A sera ritorno - fedele

a prenderti  l'ultimo raggio.

Parliamo - non senti?

Son poche parole fanciulle

- mi scavano dentro

la gioia.

E' scuro - non vedi?

Riposa

                                          (1954)

E dopo oltre un trentennio:

LA TERRA MUTA

All'ombra delle croci posano i merli,

il becco giallo schiocca sulla larva

intravista sull'erba

poi se ne vanno  col vento della sera

che più densa rende l'attesa.

                  

                            Tenuti  dalla terra,

v'amò un tempo la vita, ma non si muta

il corso delle umane cose

né per noi s'apre il cielo alla domanda

che certezze chiede.

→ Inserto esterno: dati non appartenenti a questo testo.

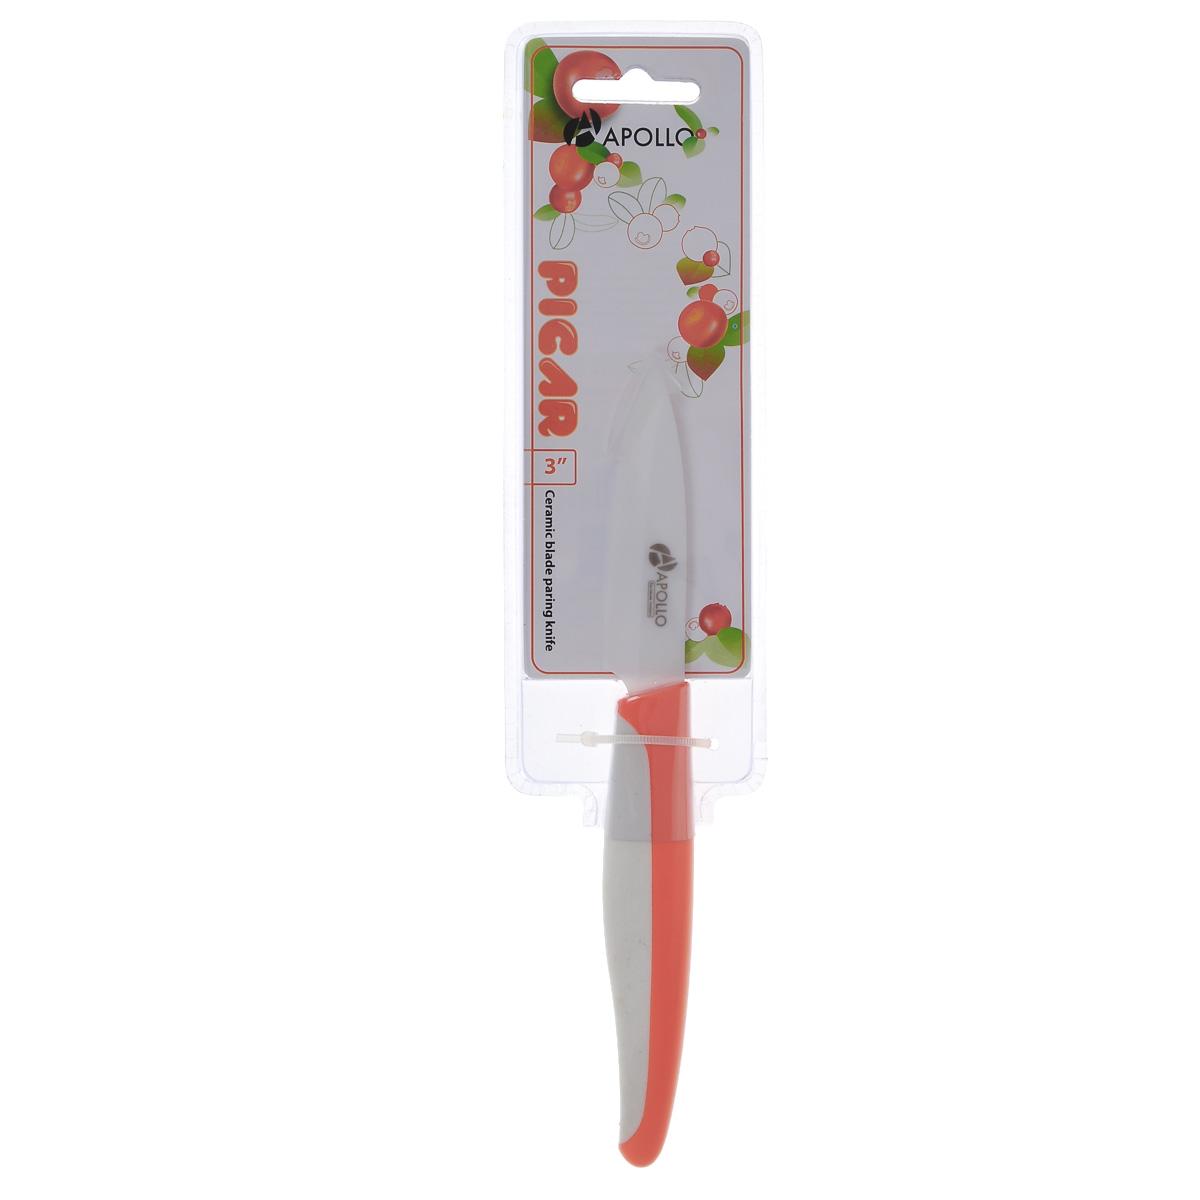 Нож для чистки овощей Apollo Picar, керамический, цвет: оранжевый, длина лезвия 8 смPCR-03оранжевыйНож Apollo Picar изготовлен из высококачественной циркониевой керамики - гигиеничного, экологически чистого материала. Нож имеет острое лезвие, не требующее дополнительной заточки. Эргономичная рукоятка выполнена из высококачественного пищевого пластика. Рукоятка не скользит в руках и делает резку удобной и безопасной. Такой нож желательно использовать для нарезки овощей, фруктов или других мягких продуктов. Керамика - это отличная альтернатива металлу. В отличие от стальных ножей, керамические ножи не переносят ионы металла в пищу, не разрушаются от кислот овощей и фруктов и никогда не заржавеют. Этот нож будет служить вам многие годы при соблюдении простых правил.Общая длина ножа: 19 см.

E voi tacete.

 

Un silenzio di lumi e di cipressi

fascia stasera la malinconia

mentre l'anima impigliata al becco giallo

va raminga tra gli uomini implorando:

                  

                            lei solo conosce

la dolcezza terribile d'esser viva

sulla sua terra muta.

                                             (1985)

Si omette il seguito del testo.